At a global level, the World Bank has initiated a pandemic CAT programme, issuing a $320m bond and completing $105m worth of swap transactions in 2017. The pandemic emergency financing facility will provide cover for the flu; coronaviruses, such as SARS; filoviruses, including Ebola and Marburg; Crimean-Congo fever; Rift Valley fever; Lassa fever; and others. World Health Organisation data on the number of people affected by an outbreak is used to trigger payments.

The size of the CAT bond market has more than doubled over the past decade. It reached record volumes in 2017, estimated at $12bn, with more than $30bn outstanding. There are signs that alternative financing is outpacing traditional reinsurance, which could have a major impact on developing economies, given the speed and flexibility of market-based solutions.

Barriers to Risk

Historically, issuers of micro- and index lines have faced challenges in generating sufficient demand for these products. The Manggarai Water Gate micro-insurance programme, for example, was established in 2009 with the help of Munich Re. It paid out a fixed amount when the level at the Manggarai Gate – built to help control floods in Jakarta – breached a predetermined level. However, the demand was not there: only 50 policies were sold, and as a result, the programme was discontinued in 2010.

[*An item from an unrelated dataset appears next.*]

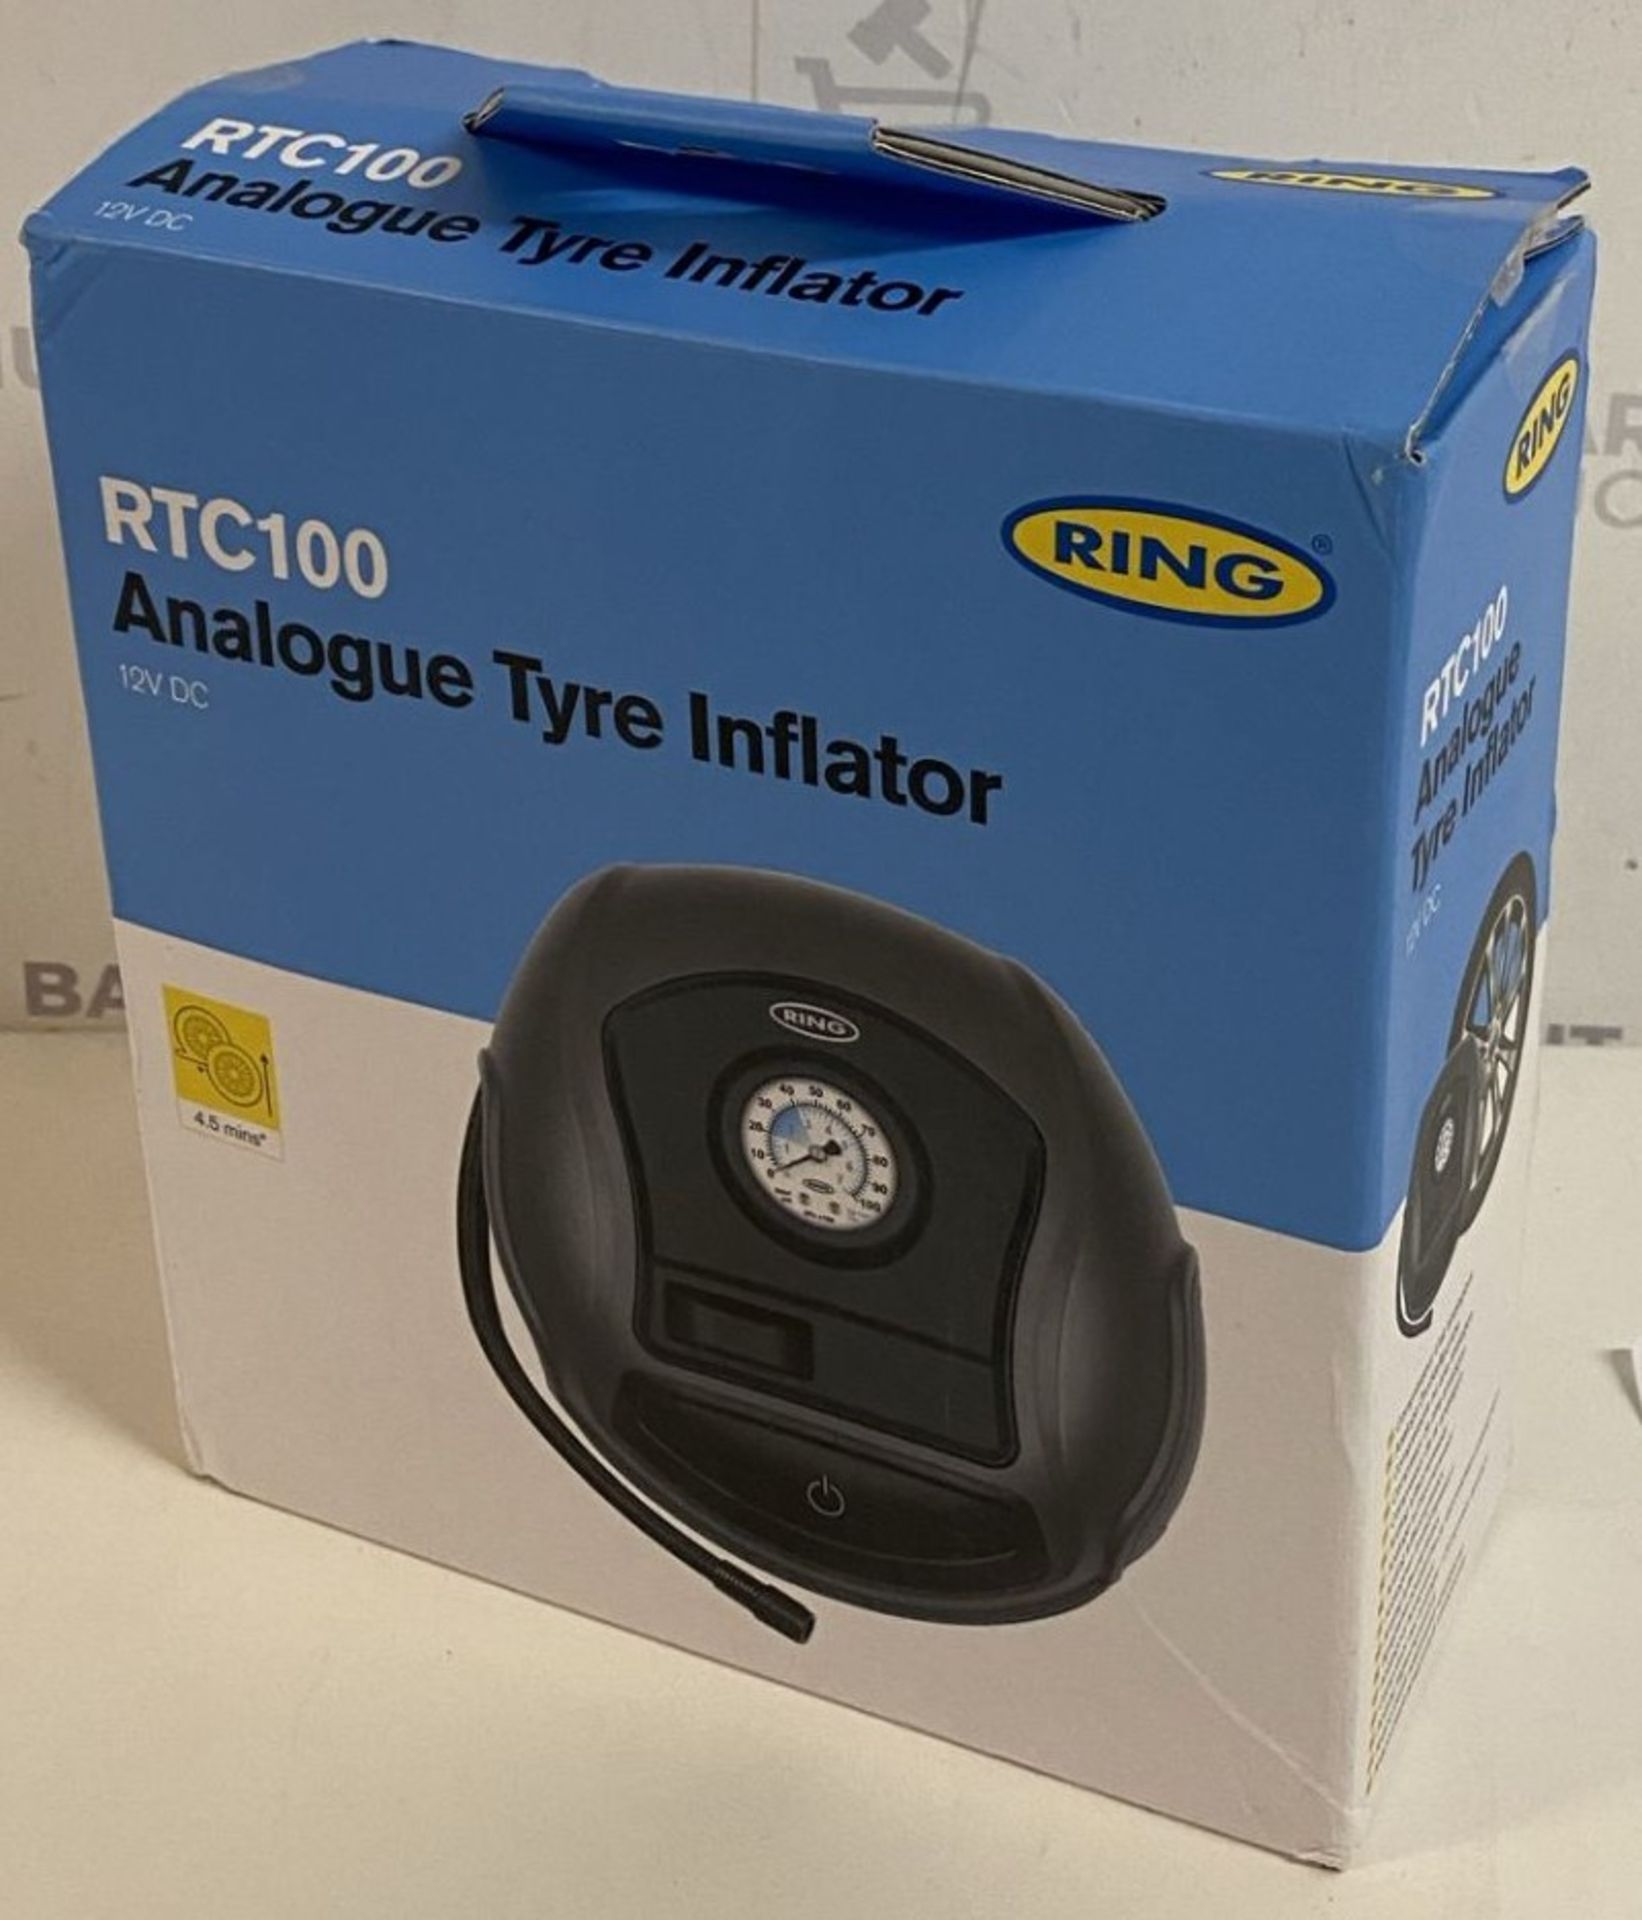 Ring RTC100 Analogue Tyre Inflator 12V/DC

In terms of index-linked initiatives, it is not clear whether or not these securities can be fully self-sustaining, as most such programmes rely on significant multilateral and donor support. Owing to their size, the markets in places like China and India are able to fund the risk internally, But in smaller markets, the mismatch between the potential losses and the critical mass on the ground is substantial. Island nations in particular lack the domestic markets to fund the amount of reinsurance required to cover inevitable natural disasters.

Poor performance also threatens the sector, and one major loss can shift sentiment, which can freeze markets and make risk difficult to transfer. For instance, an 8.1-magnitude earthquake in Mexico in August 2017 could have wiped out FONDEN’s financing completely. Although the payout ended up being a manageable $150m, it highlighted potential problems.

Structural Risks

There are also common structural risks in emerging markets, such as limited data and underwriting experience. However, advances in technology should see these areas improve over time, and some emerging markets already have a substantial amount of detailed information available. For example, Papua New Guinea has 50 years of cyclone data, while Mongolia’s livestock census records date back to 1918.

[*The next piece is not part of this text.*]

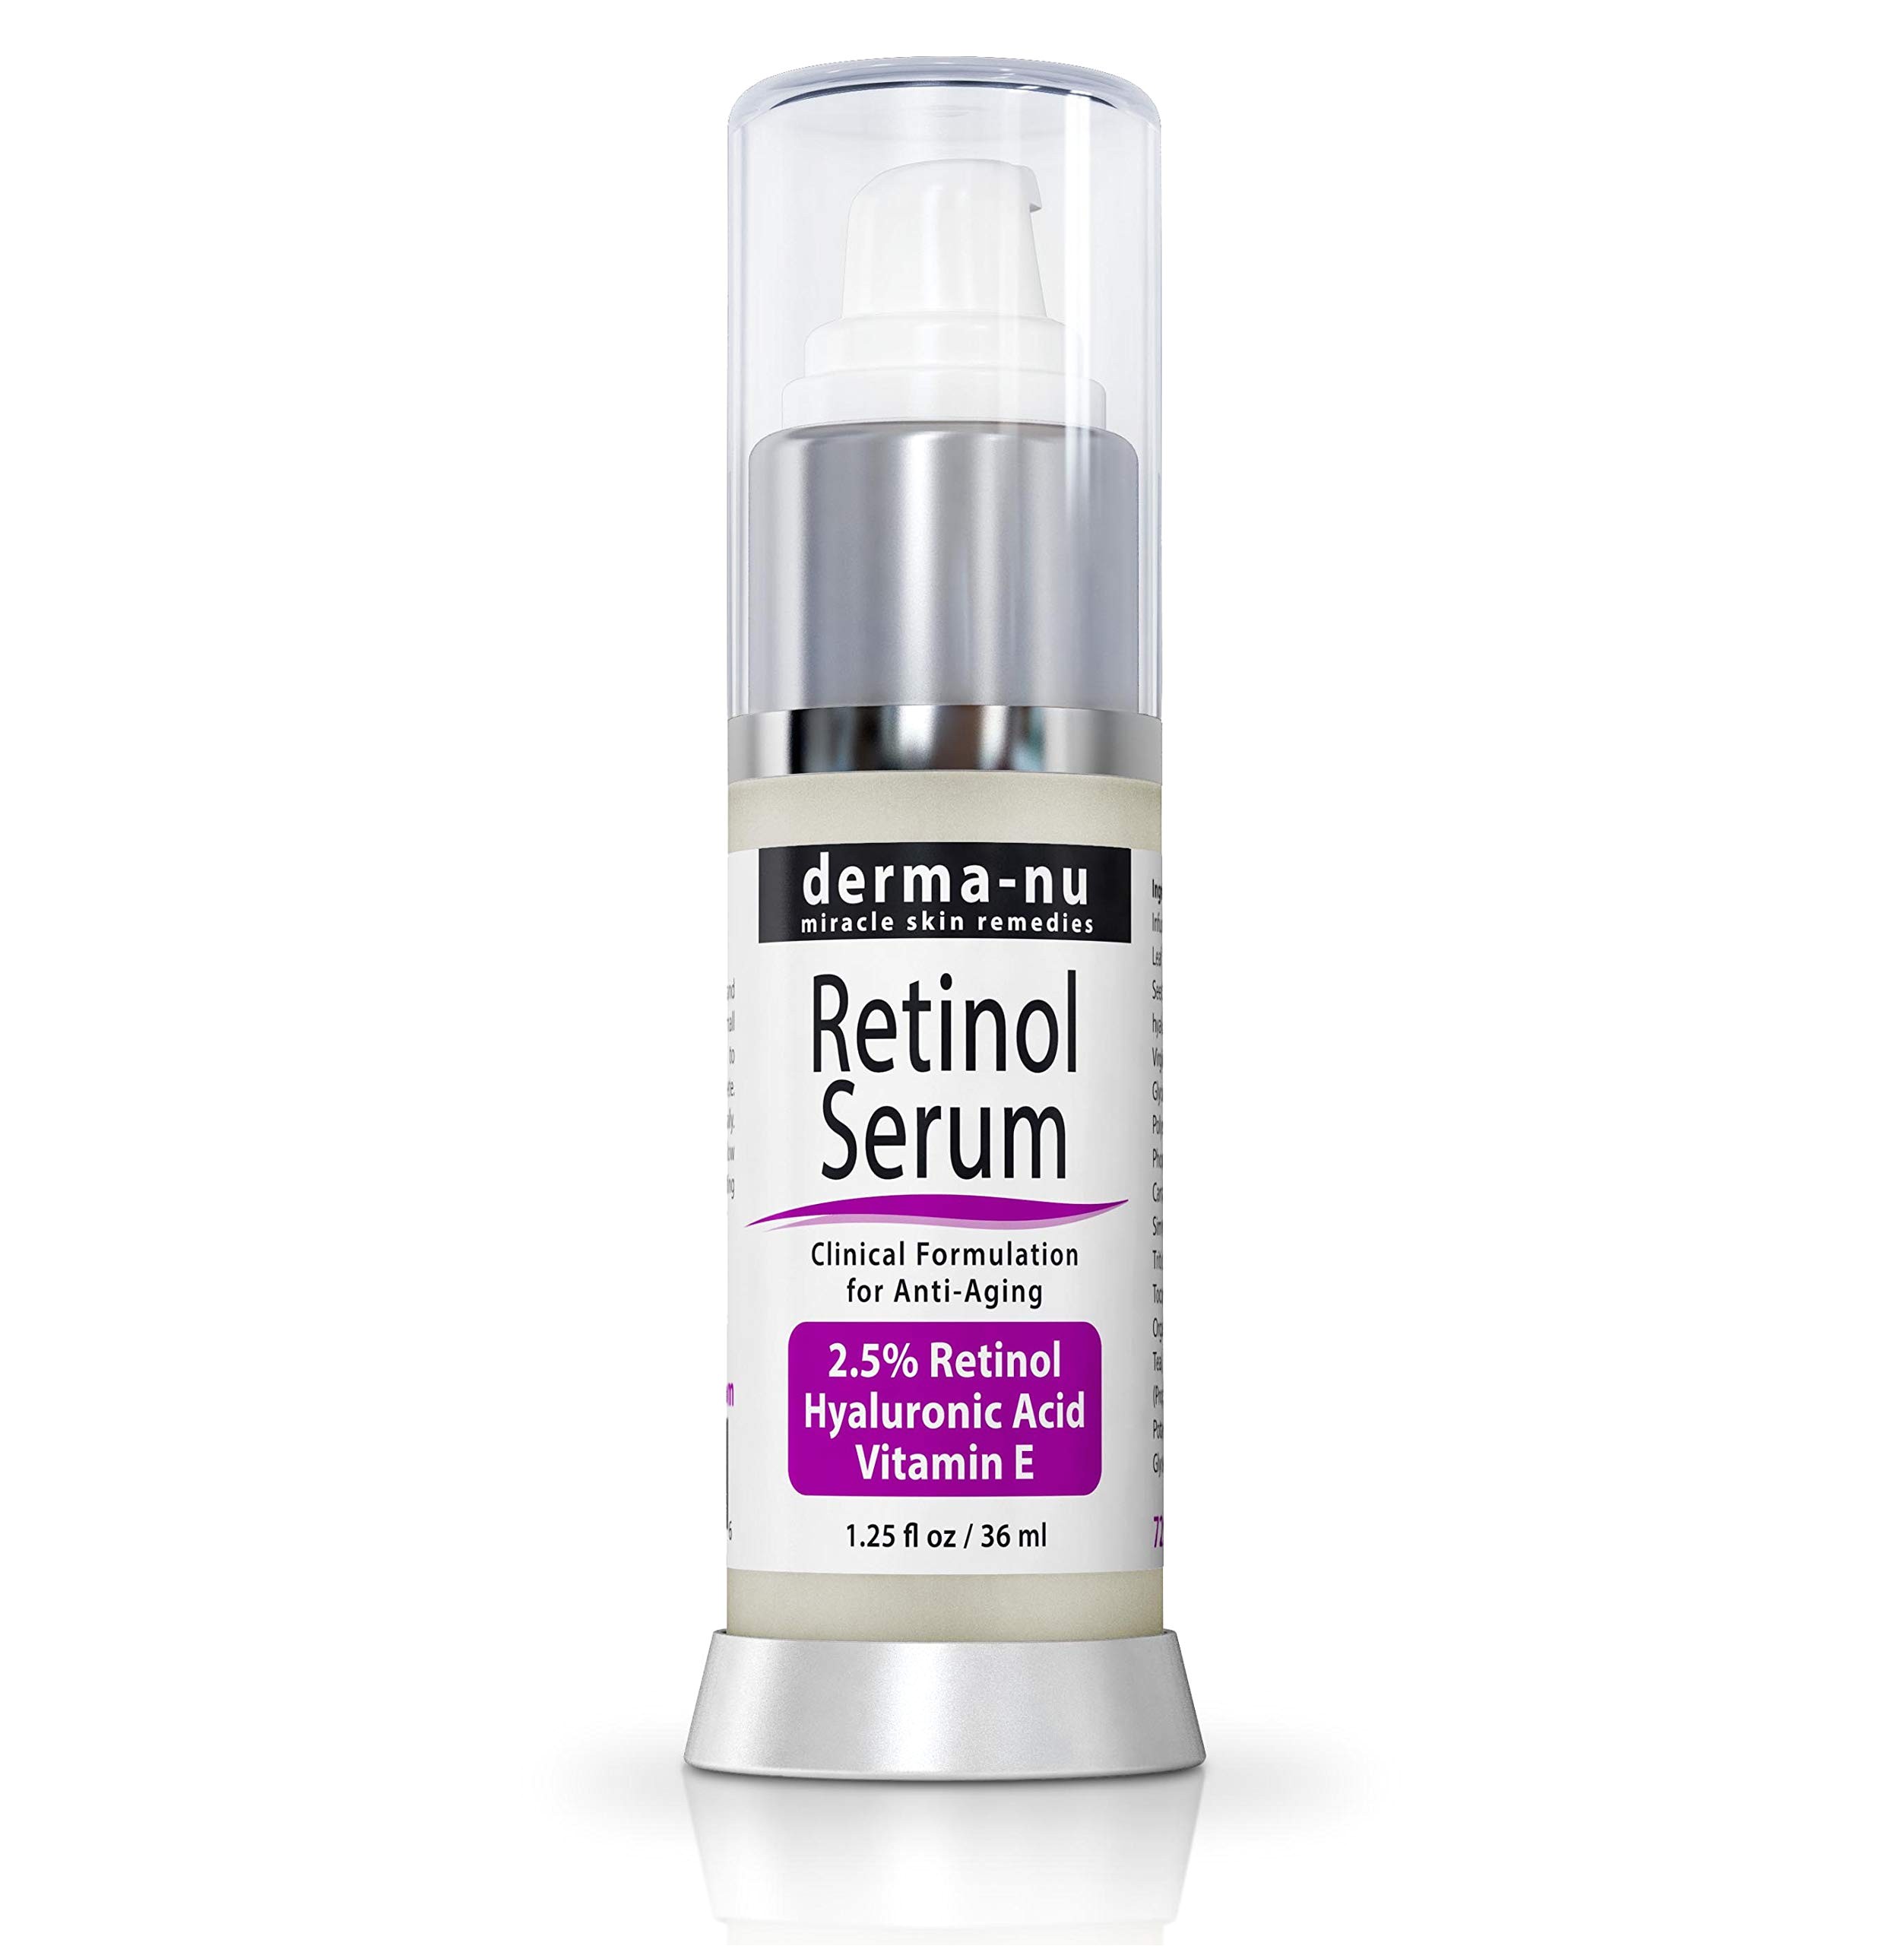 anti aging retinol serum for face hyaluronic acid and vitamin e reduces fine

Distribution is another widespread issue in emerging markets, as extending coverage to both individuals and corporations can often be challenging. More involvement by reinsurers at the local level is one potential solution; however, this sort of activity is outside of their normal fields of operations and responsibility.

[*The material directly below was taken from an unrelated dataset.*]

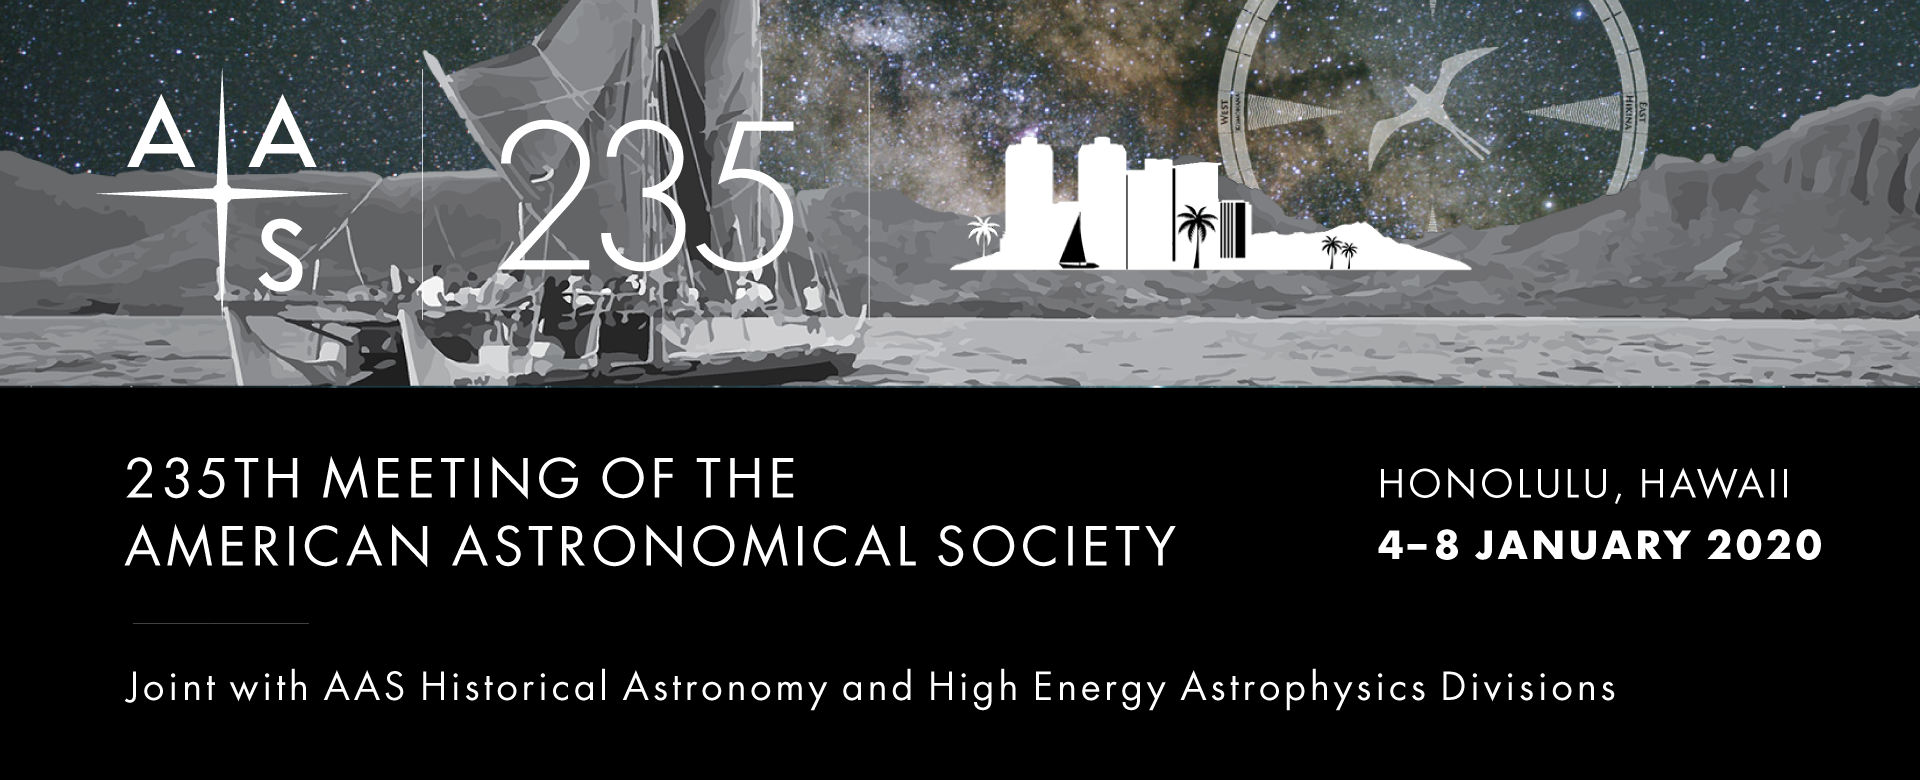 AAS 235 Banner

Globally, the reinsurance market is becoming increasingly concentrated – the top-five players currently control around 90% of activity – but in some cases local markets are becoming too competitive, which can lead to mismatches in terms of pricing. In Papua New Guinea, foreign exchange restrictions have led to reinsurance payment challenges, while in other markets, the fall in local currencies has led to a decline in the market size in dollar terms, despite strong business.

Looking Ahead

The reinsurance sector is changing in both developing and emerging markets all over the world. Although natural disasters have led to a tightening of the market, new technologies and innovation are assisting insurers and reinsurers in reaching historically underpenetrated areas. Alternative solutions are likely to create uncertainties as well as opportunities, but all indications suggest that reinsurance in emerging markets is set to grow in both absolute and relative terms.